In the definiton of the routine load we are specifying the table to write into using the ON clause. In the properties we specify that we are ingesting JSON objects from Kafka. We also specify jsonpaths which allows us to select keys from within the JSON payload. We are extracting keys that would become columns in the raw people table. Since jsonpaths is a stringified JSON list, we need to escape the quotes. Finally, we specify the Kafka broker and the topic to read from.

You can see the running task using

1
SHOW ALL ROUTINE LOAD FOR ingest.load_people;

After waiting for some time to let the task finish ingesting the rows we can create the view. We’ll start by creating the database.

1
CREATE DATABASE warehouse;

Finally, we will create the view

1
2
3
4
5
6
7
8
9
CREATE VIEW warehouse.people AS
SELECT
id,
customer_id,
REPLACE(json_extract(source, '$.name'), "\"", '') AS name,
FROM_UNIXTIME(CAST(replace(json_extract(source, '$.created_at'), "\"", '') AS BIGINT) / 1000) created_at,
FROM_UNIXTIME(CAST(replace(json_extract(source, '$.updated_at'), "\"", '') AS BIGINT) / 1000) updated_at,
FROM_UNIXTIME(CAST(replace(json_extract(source, '$.deleted_at'), "\"", '') AS BIGINT) / 1000) deleted_at
FROM ingest.people;

In the SQL above, we are extacting the fields from the JSON that we stored. We are processing them to remove quotations, and converting the epoch sent by Debezium to a DATETIME object. Since we have enabled merge-on-write, subsequent updates to the source table in Postgres would be reflected automatically in the view.

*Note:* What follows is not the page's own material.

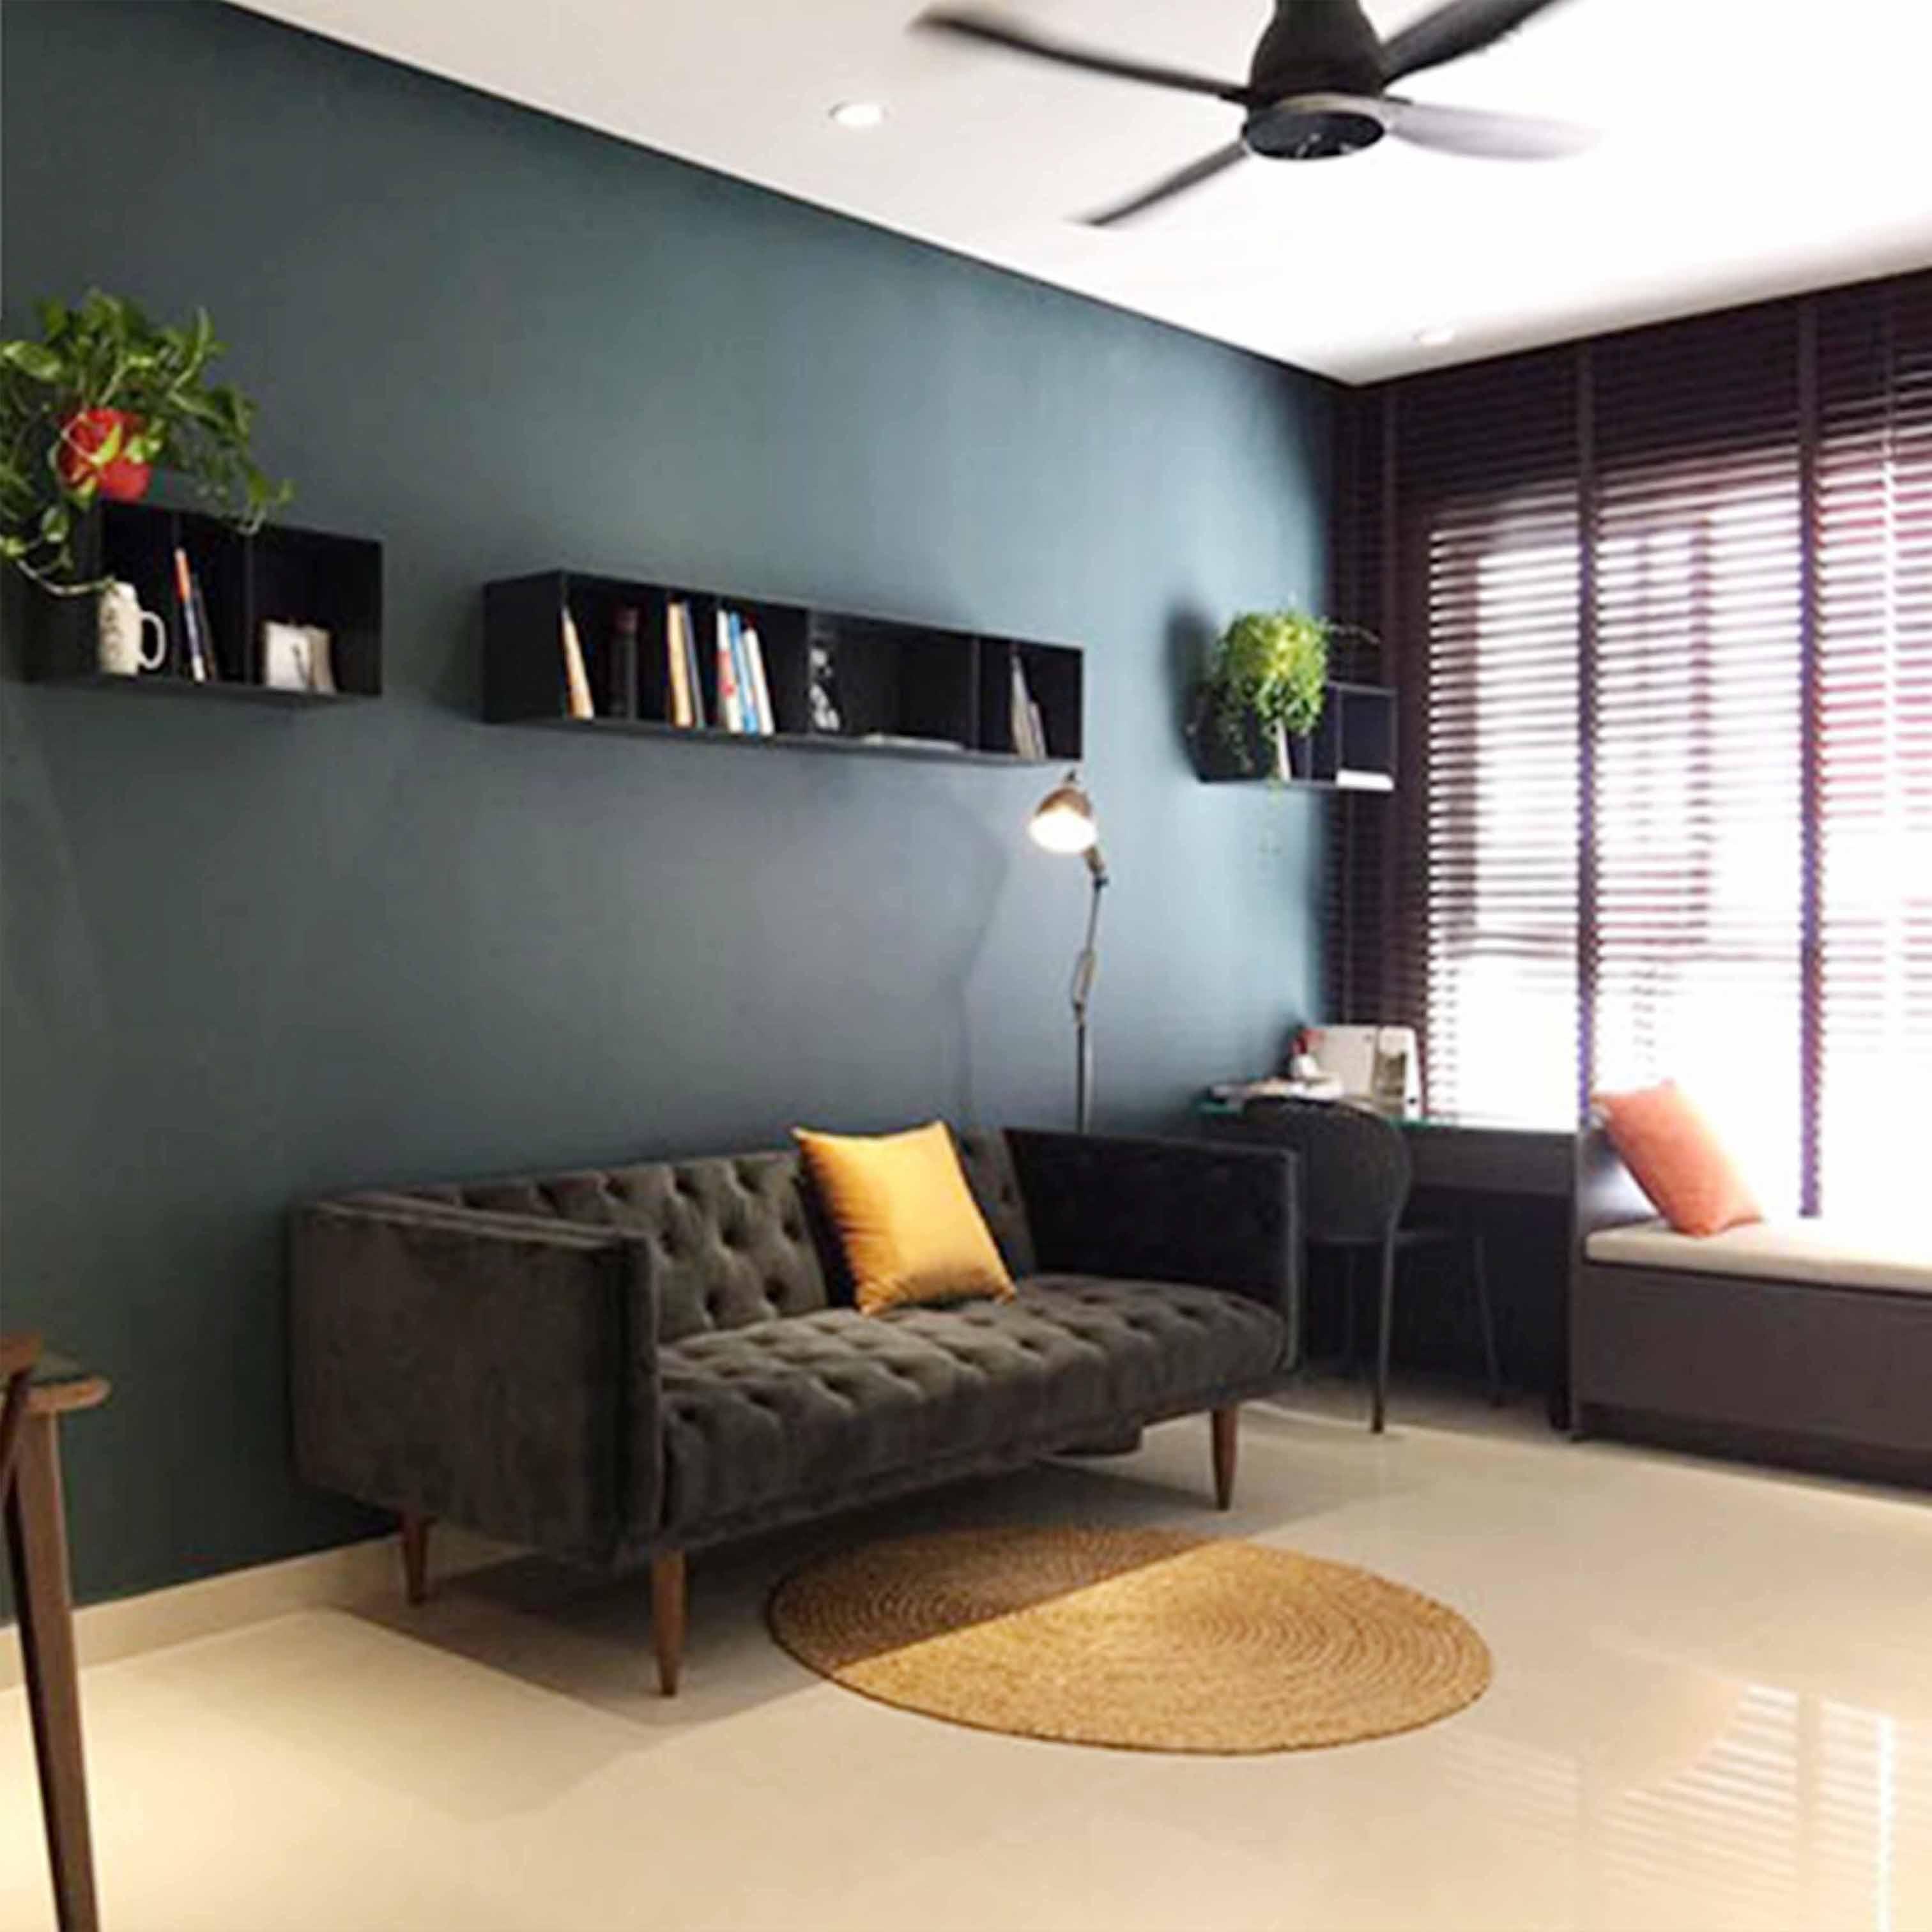 Thiết kế thi công căn hộ tại Hoàng Mai, Hà Nội - TK20LHFU

We can now see the data stored in the view.

1
SELECT * FROM warehouse.people LIMIT 1;

and this gives us

1
2
3
| customer_id | id    | name           | created_at          | updated_at | deleted_at |
|-------------|-------|----------------|---------------------|------------|------------|
| 1 | 28910 | Douglas Becker | 2023-11-03 11:42:09 | NULL | NULL |

That’s it. That’s how you can set up a real-time data warehouse using Doris, Debezium, and Kafka.